No recuerdo mucho de los pueblos que atravesamos, aparte de sus nombres (Halandri y Papagou), pero sé que corría mirando el reloj continuamente, intentando no sentir ni el dolor de mis piernas ni el de mi corazón. En algún momento, el frío del amanecer heló las lágrimas que resbalaban por mi cara. Entramos en Atenas, por la calle Kifissias, diez minutos antes de las seis de la mañana. Por mucho que corriéramos para llegar hasta Kapnikaréa, en el centro de la ciudad, sería imposible cumplir la prueba. Pero eso no nos detuvo, ni eso ni el punzante dolor que yo empecé a sentir en un costado y que me cortaba la respiración. Sudaba copiosamente y tenía la sensación de que iba a desmayarme de un momento a otro. Parecía, además, que tuviera cuchillas clavadas en los pies, pero seguí corriendo porque, si no lo hacía, tendría que enfrentarme con algo que no me sentía capaz de asumir. En realidad, más que correr, huía, huía de Farag y estoy segura de que él lo sabia. Se mantenía junto a mí a pesar de que hubiera podido adelantarme y, quizá, concluir con éxito la prueba de la pereza. Pero no me abandonó y yo, fiel a mi costumbre de sentirme culpable por todo, también me sentí responsable de su fracaso. Aquella hermosa noche, seguramente inolvidable, estaba terminando como una pesadilla.

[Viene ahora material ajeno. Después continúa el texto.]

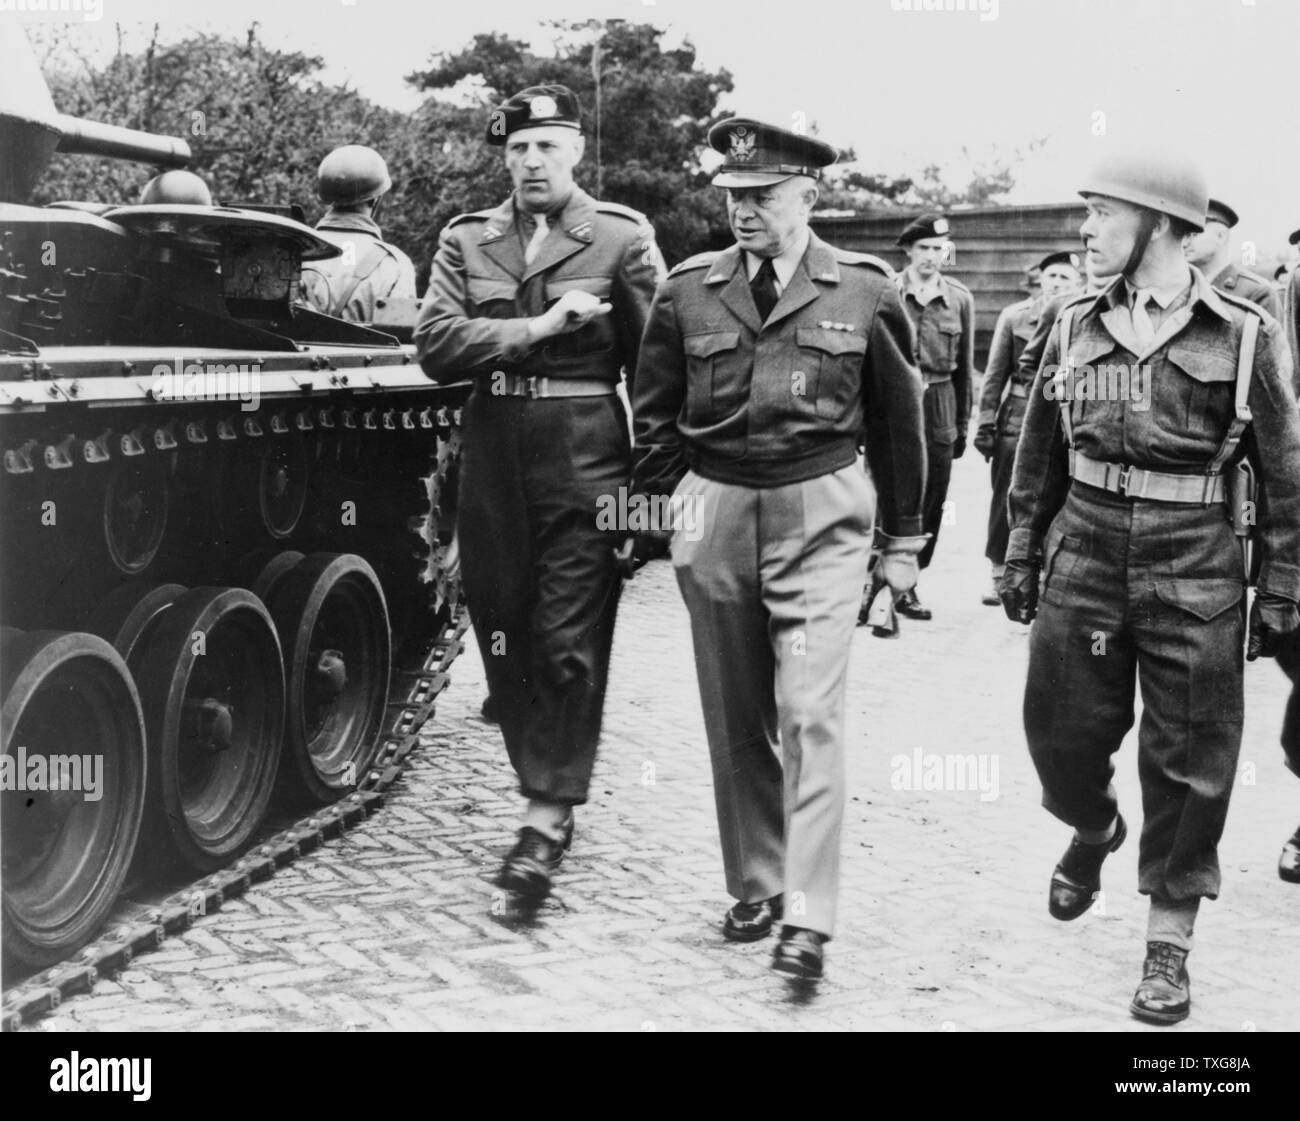 Weltkrieg - 1945: US-General Dwight Eisenhower Truppen inspizieren. Der Armee, wurde er 34. Präsident der Vereinigten Staaten (1953-1961) Stockfoto
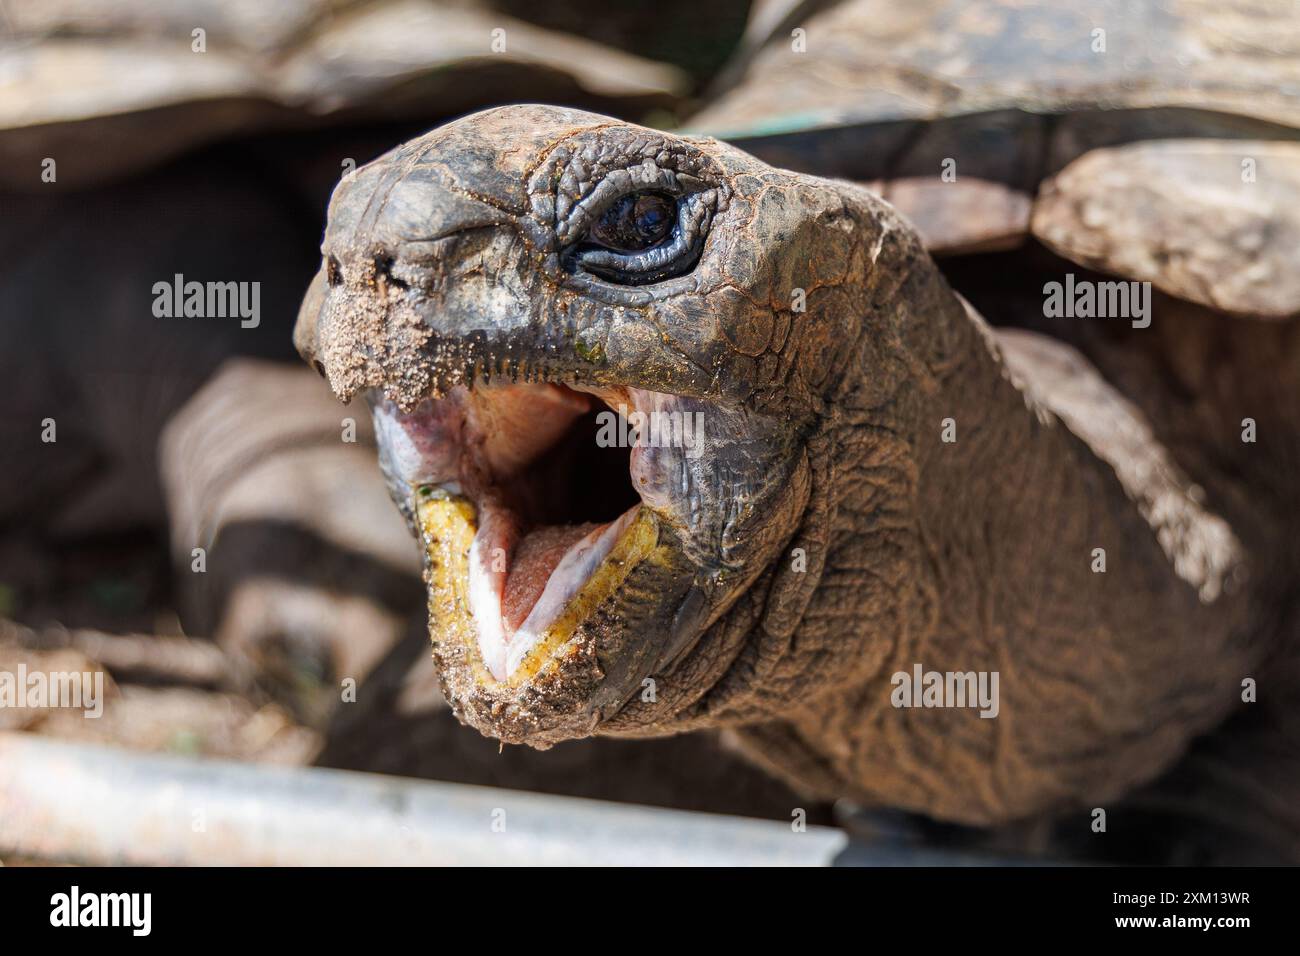 Nahaufnahme einer Schildkröte mit lachendem Gesichtsausdruck Stock Photo

No sé cuántos kilómetros tendría la gran avenida de Vassilis Sofias, pero a mí me pareció eterna. Los coches circulaban por ella mientras nosotros corríamos a la desesperada sorteando postes, farolas, papeleras, árboles, anuncios publicitarios y bancos de hierro. La hermosa capital del mundo antiguo despertaba a un nuevo día que para nosotros sólo significaba el principio del fin. Vassilis Sofias no se acababa nunca y mi reloj marcaba ya las seis de la mañana. Era demasiado tarde, pero, por mucho que mirara a derecha e izquierda, el sol no se veía por ninguna parte; continuaba siendo tan de noche como una hora antes. ¿Qué estaba pasando?